Kolaches Are The Pinnacle Of Carb Perfection

If you're a fan of pillowy dough filled with fruit compote and maybe a little sweet cheese, then you'll want to go out and find yourself a kolache (pronounced koh-lah-chee). These pastries originate from Czechia and are a delight for sweet-toothed carb-lovers. They're made with a fluffy yeast-based dough that contains eggs, butter, milk, and sugar; the fruit (or cheese) filling goes in a small depression in the middle of the square or round pastry. The traditional fruit fillings include apricot, poppyseed, prune, and a sweetened curd cheese called tvaroh in Czech, or quark in English. (Some Americanized recipes will just call for cream cheese, as quark is difficult to find in the U.S.) Although they look like danishes in terms of their presentation, danishes use a lighter, flakier pastry that's quite different in texture compared to the softer but denser kolache dough.

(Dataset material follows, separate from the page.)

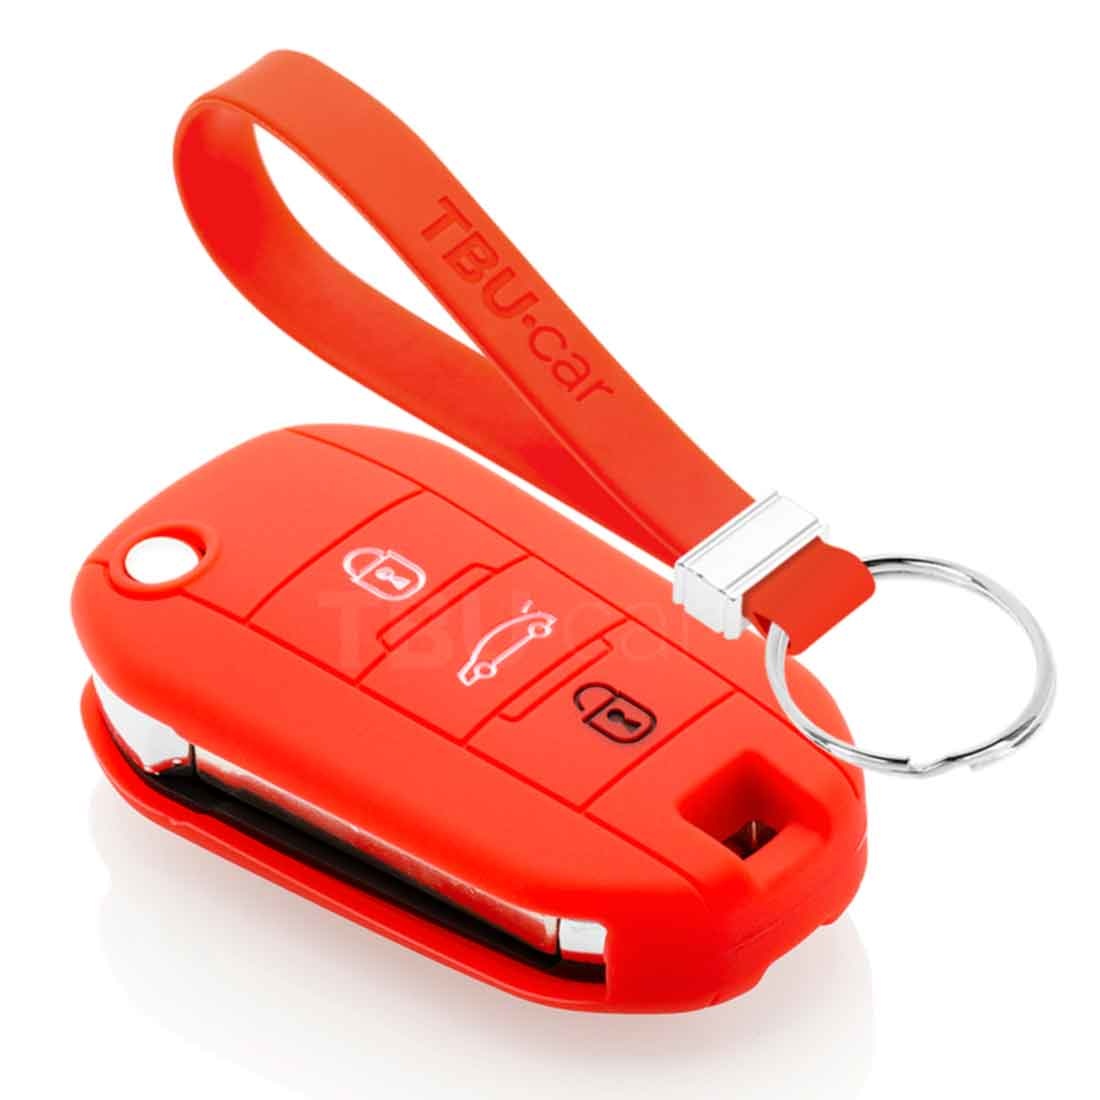 https://cdn.webshopapp.com/shops/73499/files/356688767/tbu-car-tbu-car-car-key-cover-compatible-with-opel.jpg

If you're already a convert to kolaches, there's a good chance you live in Texas, where this pastry is particularly popular. And there's one good reason why it's so popular there: immigration.

A pastry beloved by Czechs and Texans

Over the past 150 years or so, Czech immigrants found their way to the state in search of better living conditions — to escape everything from disease to military conscription, attracted in part by its affordable farmland. Popular destinations for the immigrants were the counties near larger metros like Houston, Austin, and San Antonio, and they brought the kolache with them, which spread well beyond the so-called "Czech Belt" of the state. These days, it's quite easy to find them across Texas proper — not just in the area where Czechs originally settled.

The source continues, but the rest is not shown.